2016年5月27日金曜日

ゆっくり計るADコンバータにはノイズが必要だってばさ

重さを量る秤だとか、気温を測る温度計だとかをコンピュータで計る場合、アナログ回路でセンサー値を電圧値にして、ADコンバータで計る事になると思う。このアナログ回路にはある程度ノイズがある必要がある。
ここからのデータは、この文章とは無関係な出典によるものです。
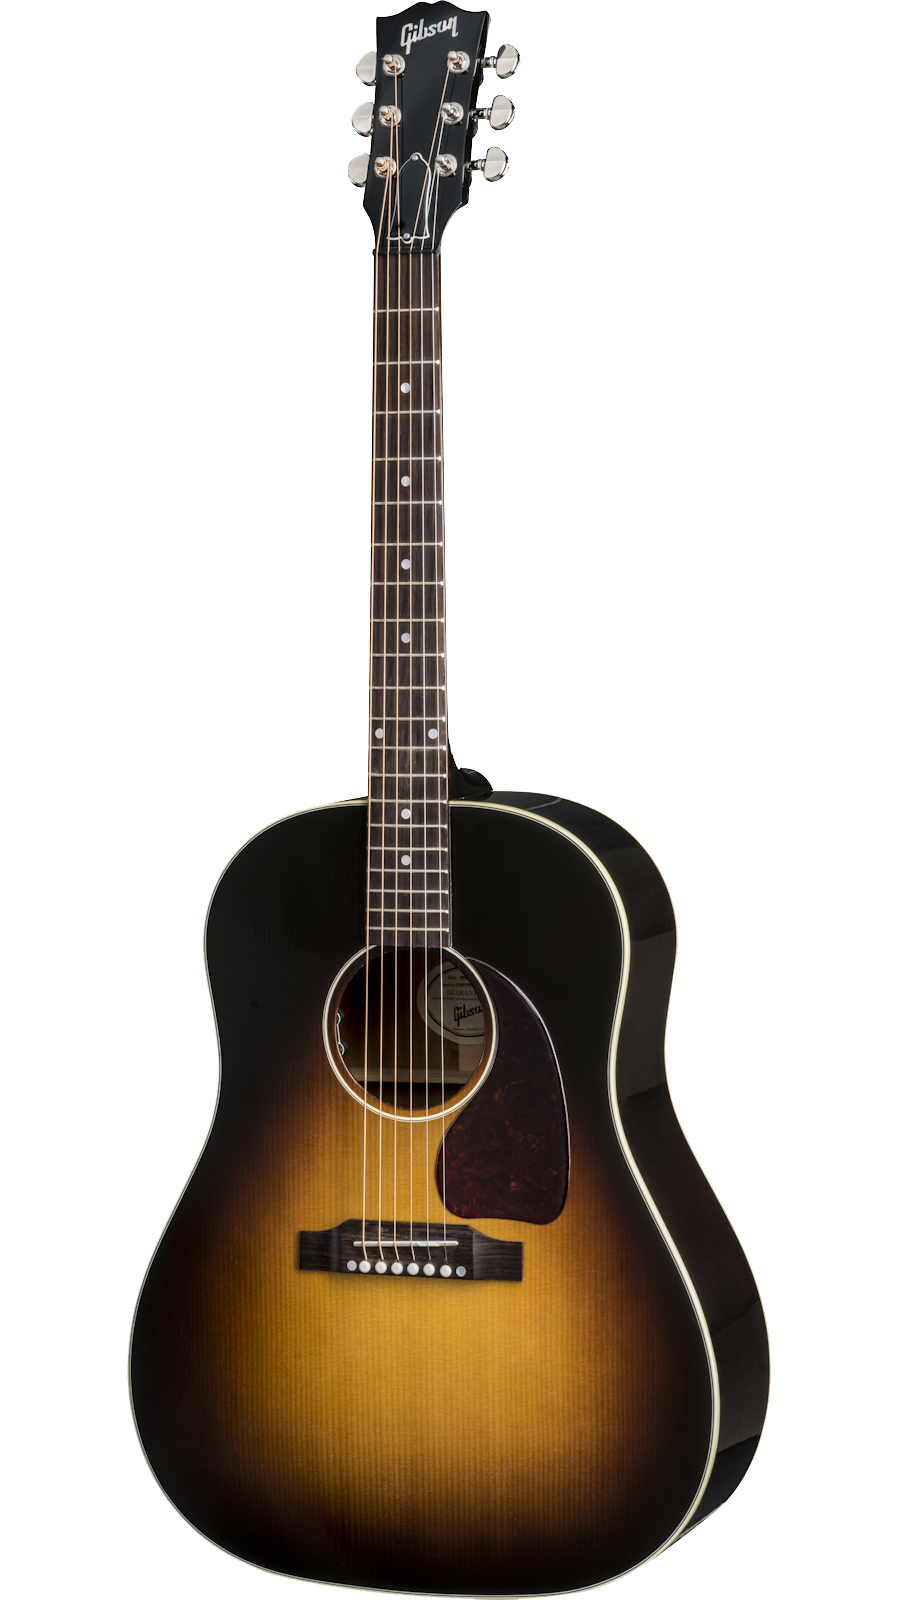 Gibson J 45 Standard acoustic guitar in Sunburst color Tone Shop Guitars Dallas TX

この「ノイズが必要」という事を忘れた設計をしている人が多いので、この場で愚痴っておこうと思います。

実験

1000回のデータを計測してその平均を出力するとします。その時に乗るノイズが正規分布で標準偏差(sigma)を0〜1の間で変化させて見ました。ヒストグラムをプロットするとsigma毎にこんな感じになります。
sigma=0のときは0と1しか取らないです、sigmaが0.4,1.0と大きくなるにつれて広い範囲に分布しているのが見て取れます。

 1000回平均値

いよいよ本題です。ノイズの大きさによる平均値の出方の違いを見ていきます。横軸(入力)は0〜1まで0.2単位で変動していて、それにノイズが乗っています。縦軸はADコンバータで計測した平均値を各ノイズ幅(sigma)毎にプロットしています。
真値とAD平均値
sigma=0すなわちノイズが無い時(青線)は0か1しか取らないのでどれだけ平均をとっても真値0.1,0.2,0.3,0.4はAD値平均では0です。逆にsigma=1、すなわちノイズの標準偏差がAD1bit分の時はほぼ綺麗な直線で1000回移動平均とれば0.1単位の値が余裕で読める事がわかります。
sigma=0.2だと正規分布関数形状由来の歪みが出るので補正が必要です。補正の仕方はσの値の大きさによって変わるので、可能ではあるが少しやっかいという状態です。

結論

ADコンバータで電圧を読み取る時で、平均値を取る位時間に余裕がある時は電気回路側でノイズを載せてもらいましょう。その程度の設計は追加コストほぼ0で出来るはずです。載せる量は積算回数にもよるので一概にはいえないですが、安全をとってとりあえず標準偏差=1bit位を目指せばいいんじゃないでしょうか?その辺は業界によって常識的な範囲が変わってくると思います。

今回は電気の話でしたが、これ以外にも、ファームウェアでノイズ取ってます!系もやっかいですよね。「ちょ、勝手に捨てないでよ!ノイズの量を計測した後に信号処理したいだってば」って事、よくある、よくある。なんだろ、この親切が超裏目に出る感じ。